Segmental colectomy is a short operative procedure and maintains continence, but most patients will later require not only further medication but also excision and colectomy and ileostomy. Moreover, a right-sided colo-anal anastomosis is unsuitable for the treatment of left-sided UC [50]. Thus, in general, partial resection of the colon should be avoided because of the high frequency of occult carcinomas and multifocal carcinogenesis. Schwarz et al. [51] reported the case of a patient who underwent a left hemicolectomy and a mucosal proctectomy but then had a macroscopic recurrence of the colitis within 2 months postoperatively and eventually required excision of the remaining colon and an end ileostomy. This suggests that the risk of UC relapse in the residual colon must be taken into account, even if the right side of the colon seems to be in remission.
Patients with UC-associated CRC have a twofold higher mortality than patients with sporadic CRC [52]. Whether segmental or partial resection is the optimal procedure for UC patients with sporadic cancer remains questionable.
3.3 Total Abdominal Colectomy with Ileorectal Anastomosis
The cumulative probability of total abdominal colectomy with ileorectal anastomosis (IRA) after 10 years of UC is about 50 %. Total excision was performed following the detection of dysplasia in 5.9 % of these patients [53] and is no longer an acceptable procedure for patients with UC. Although UC is generally considered to always involve the rectum and in some patients also the more proximal portions of the colon, albeit in a diffuse and non-segmental fashion, rectal sparing has been documented [53–57]. If the colitis is totally quiescent or shows rectal sparing, total abdominal colectomy with IRA may be an option for UC patients with a single cancer in the colon. However, since most colectomy specimens with an absence of macroscopic activity show histologic features of chronicity or activity [58], these patients should be monitored for a relapse of proctitis.
The indication of low anterior resection for patients with quiescent UC and rectal cancer or dysplasia should be considered very carefully, because further PC and IPAA would be difficult after this procedure. In addition, patients undergoing total abdominal colectomy with IRA and treated postoperatively with immunomodulators or biologics have a risk of a relapse of inflammation in the residual rectum. Thus, the prognosis, and especially the risk of cancer in the residual rectum, after IRA in patients with UC-associated cancer is a concern. Among patients who received an IRA, regardless of the indication, the estimated cumulative cancer risk after a disease duration of 20 years is 2.1–20.0 % [59–63]. The high long-term risk of cancer after total abdominal colectomy with IRA suggests that this procedure is an interim solution in younger patients.
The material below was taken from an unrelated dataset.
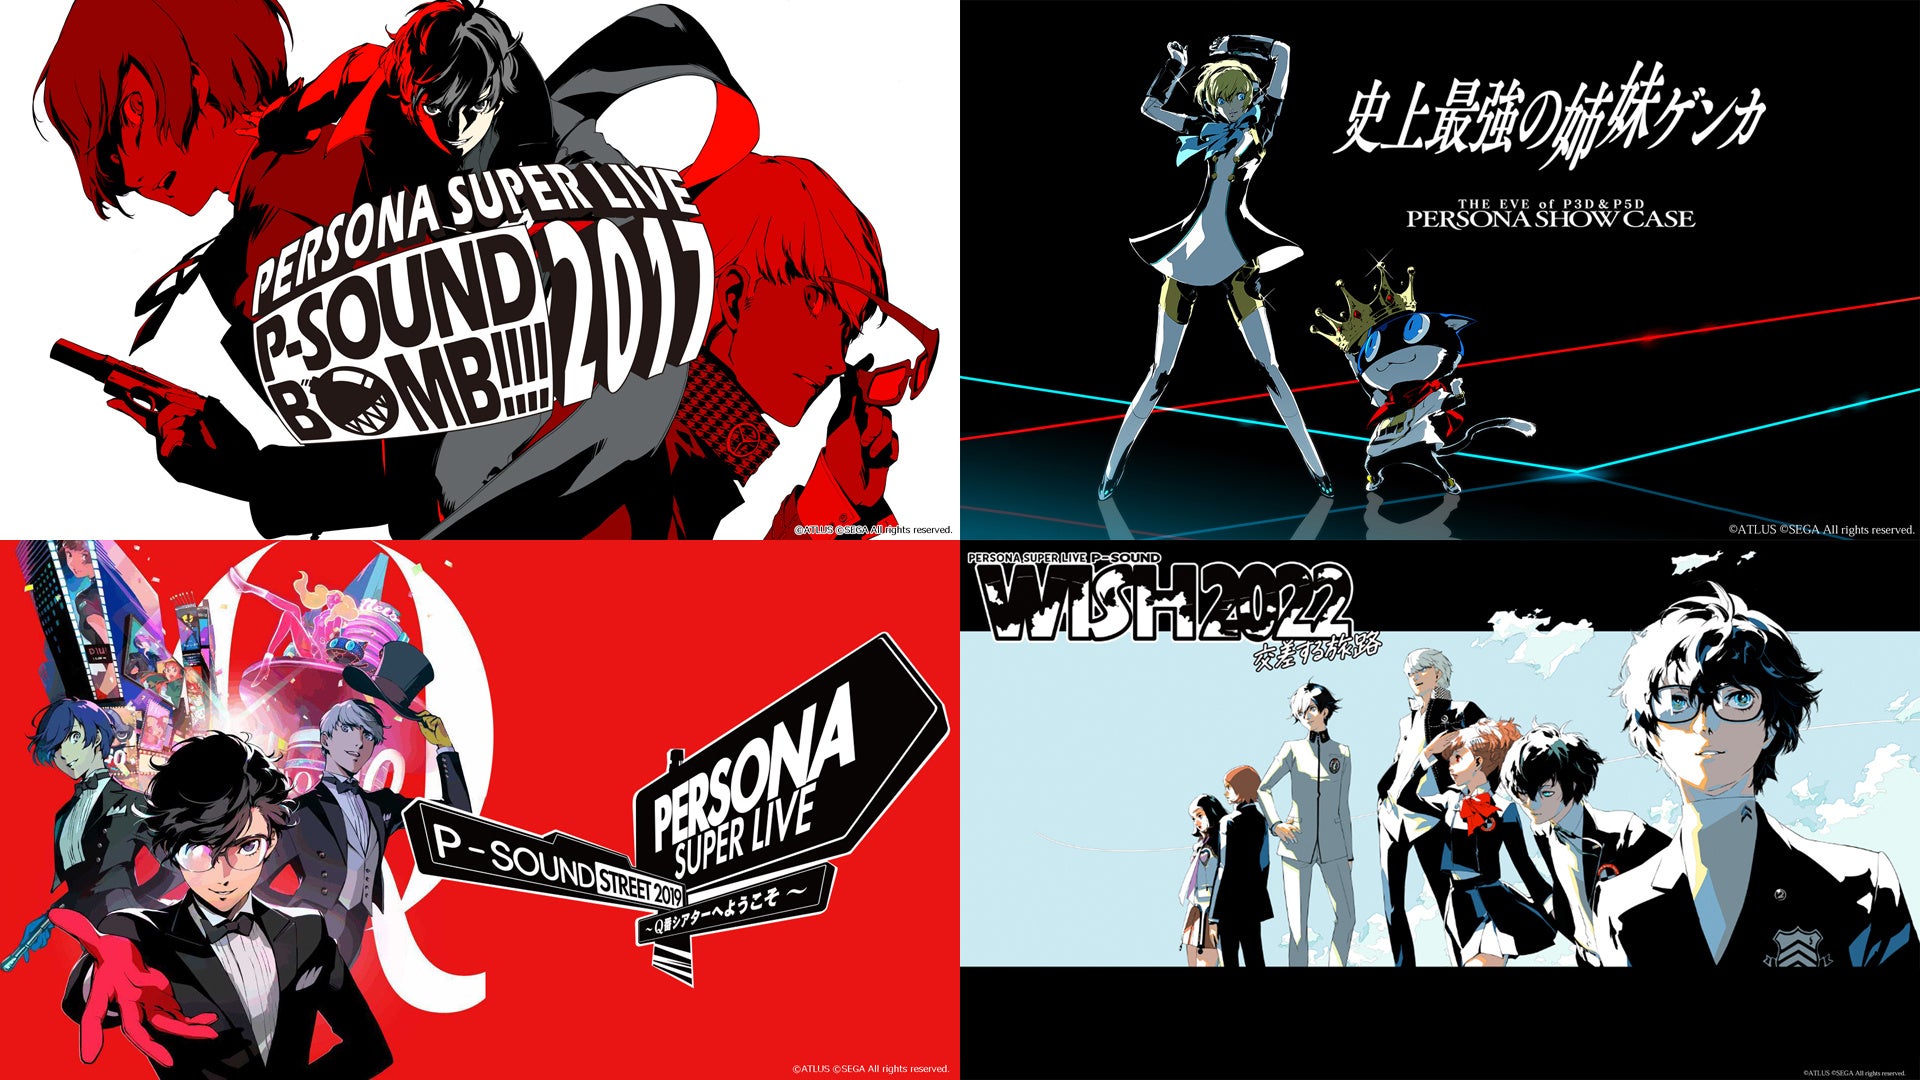 『ペルソナ』シリーズ人気ライブ特集 PERSONA SUPER LIVE、 Persona Show Caseなど6公演 3/23-4/6、ニコ生で3週連続配信

However, IRA with a close follow-up still plays a major role in treating UC patients because it is an easier surgical procedure than IPAA, has excellent functional results, shorter hospitalization, and, importantly, fewer severe complications, unlike in IRA [61].
A particular indication of IRA for UC-associated cancer is a non-obstructing tumor located above the pelvic floor with remote metastases in remission. In the case of an advanced tumor causing obstruction, then a primary colectomy and IRA with a covering ileostomy is advisable.
3.4 Subtotal Colectomy
Subtotal colectomy (STC) with end ileostomy and rectal stump pouch are less ideal options because of the retained rectum, which poses a continued cancer risk. However, STC was shown to be a safe treatment option for patients satisfied with an ileostomy or for those with comorbidities that make them ineligible for other procedures or who do not choose to undergo later pelvic pouch surgery. Nonetheless, the potential for the proliferation of residual dysplastic cells or malignant change within the rectal stump in patients who have undergone STC with rectal stump preservation for UC-associated CRC is of serious concern. In addition, whether the potential for malignancy in the rectal stump of STC patients with UC-associated CRC outweighs the morbidity associated with complete proctectomy is difficult to determine. The rate of cancer occurrence later on was shown to be low (1.4 %) in one study [62] but eightfold higher in another [64]. PSC and disease duration until STC were shown to be significant risk factors for rectal stump cancer in a closed rectal stump after STC [65]. Thus, considering the risk of rectal cancer, the low success rate of long-term rectal preservation, and the safety of surgery, a more aggressive approach to early complete proctectomy is recommended in this situation. If this is not possible, patients treated with STC should be followed with close endoscopic surveillance of the closed rectal stump.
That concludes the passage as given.